--- DATA BELOW ---
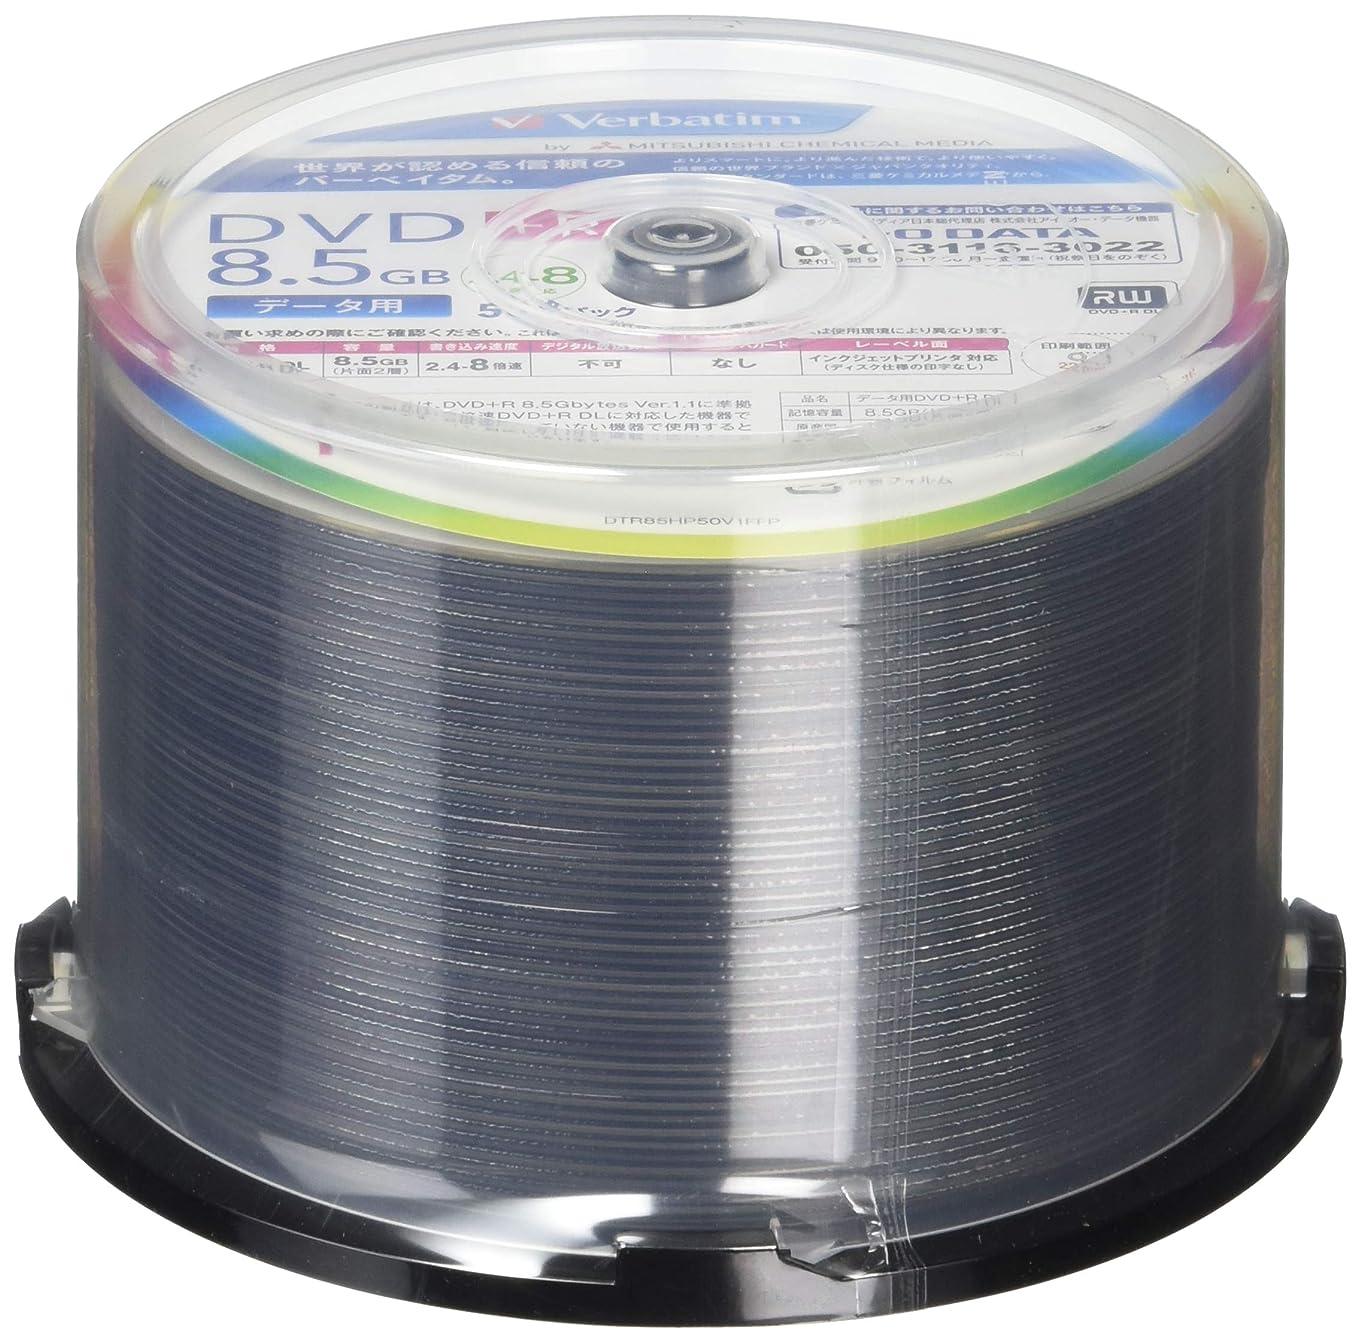 安らぎラッチ均等にHI-DISC データ用DVD+R HDD+R85HP50 (DL/8倍速/50枚 )
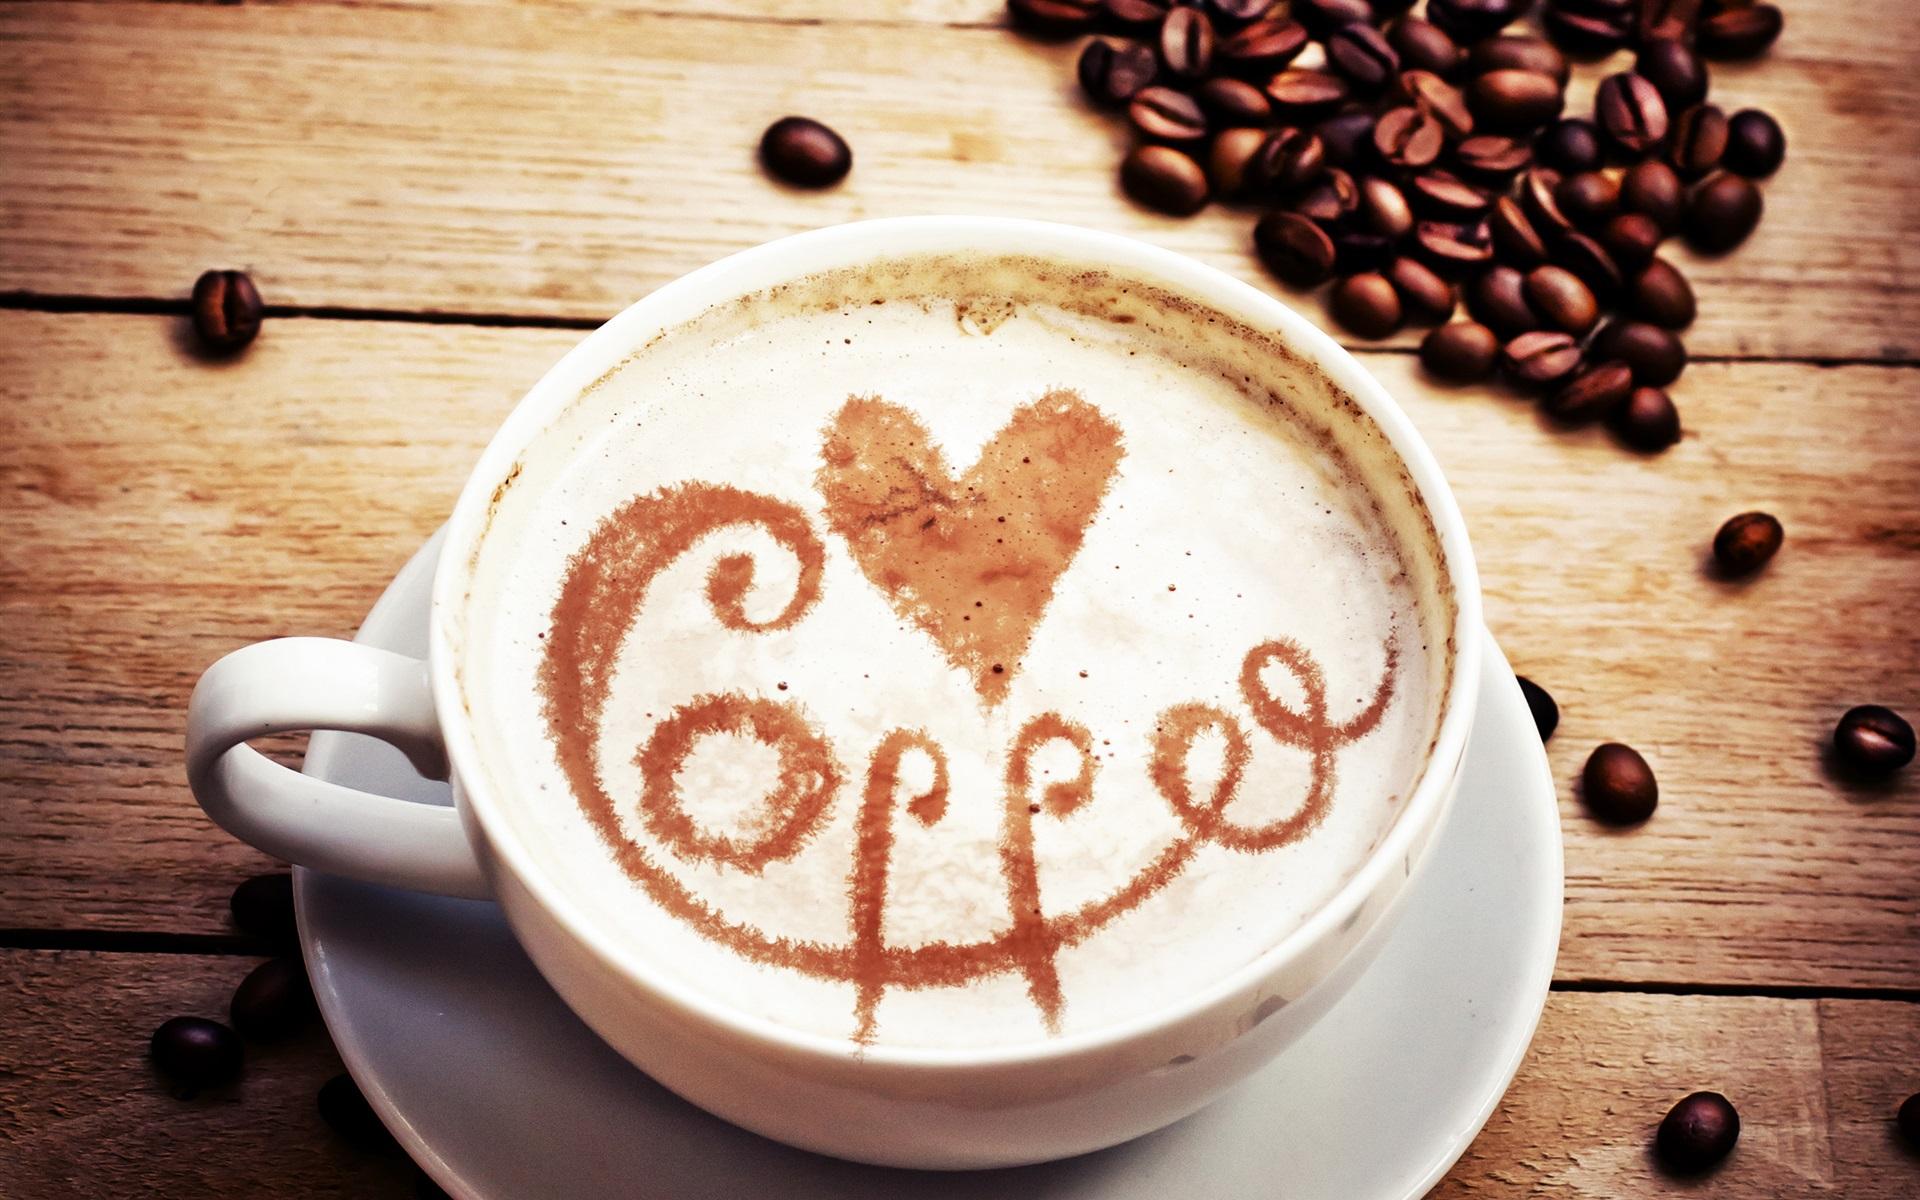 壁紙 カプチーノ、コーヒー、豆、愛の心 2560x1920 HD 無料のデスクトップの背景, 画像
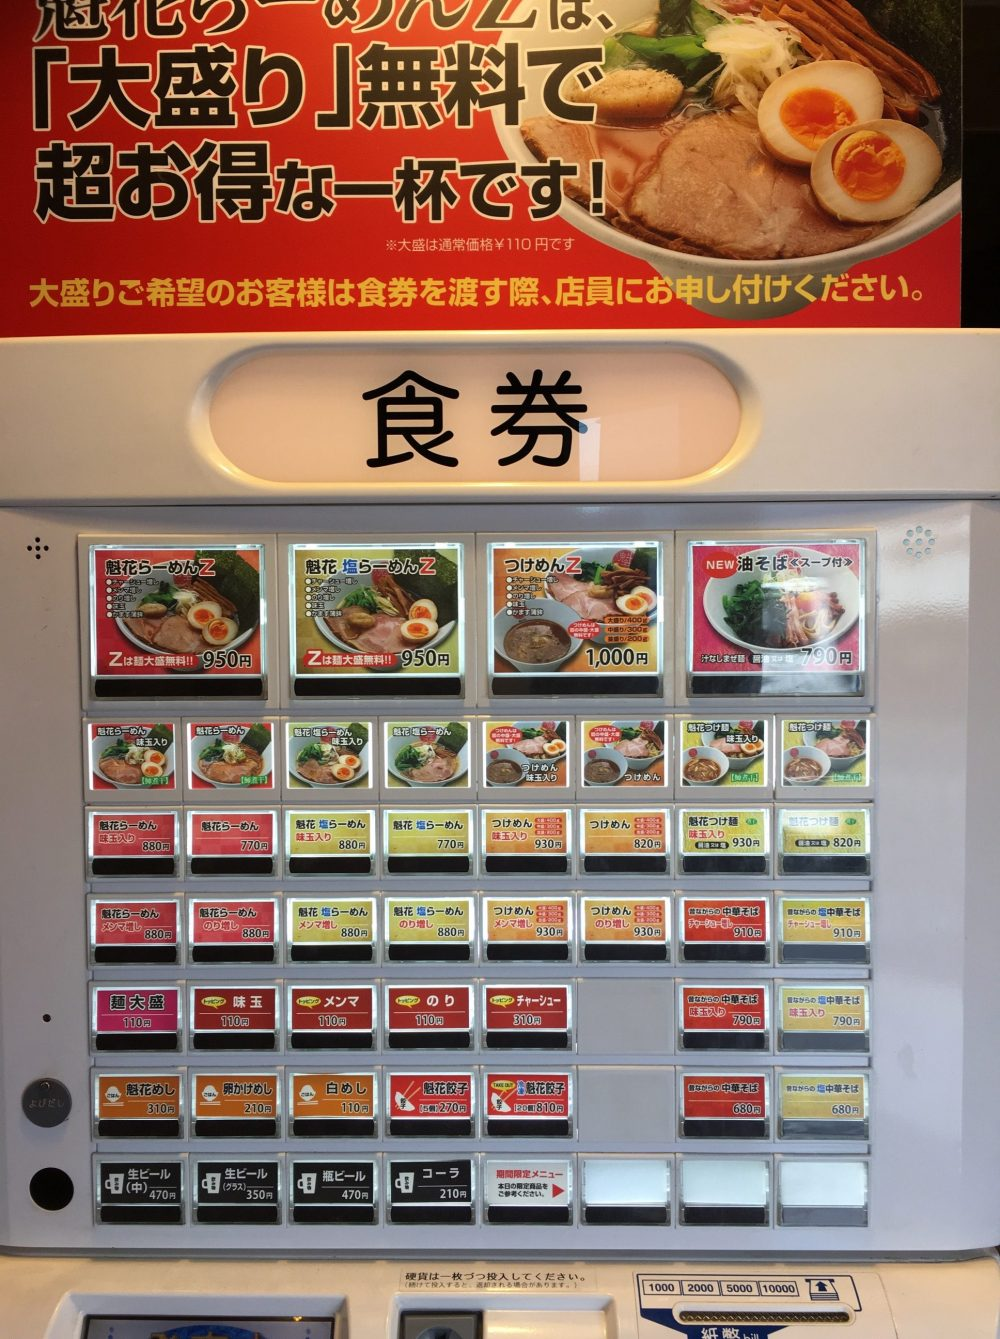 【新座市】天然魳煮干だしらーめん『魁花 kaika』にいってきた!
---
Output the span from the line with "壁紙 カプチーノ、コーヒー、豆、愛の心 2560x1920" through the last line of the data, inclusive and exact, and omit every picture.

 壁紙 カプチーノ、コーヒー、豆、愛の心 2560x1920 HD 無料のデスクトップの背景, 画像
 【新座市】天然魳煮干だしらーめん『魁花 kaika』にいってきた!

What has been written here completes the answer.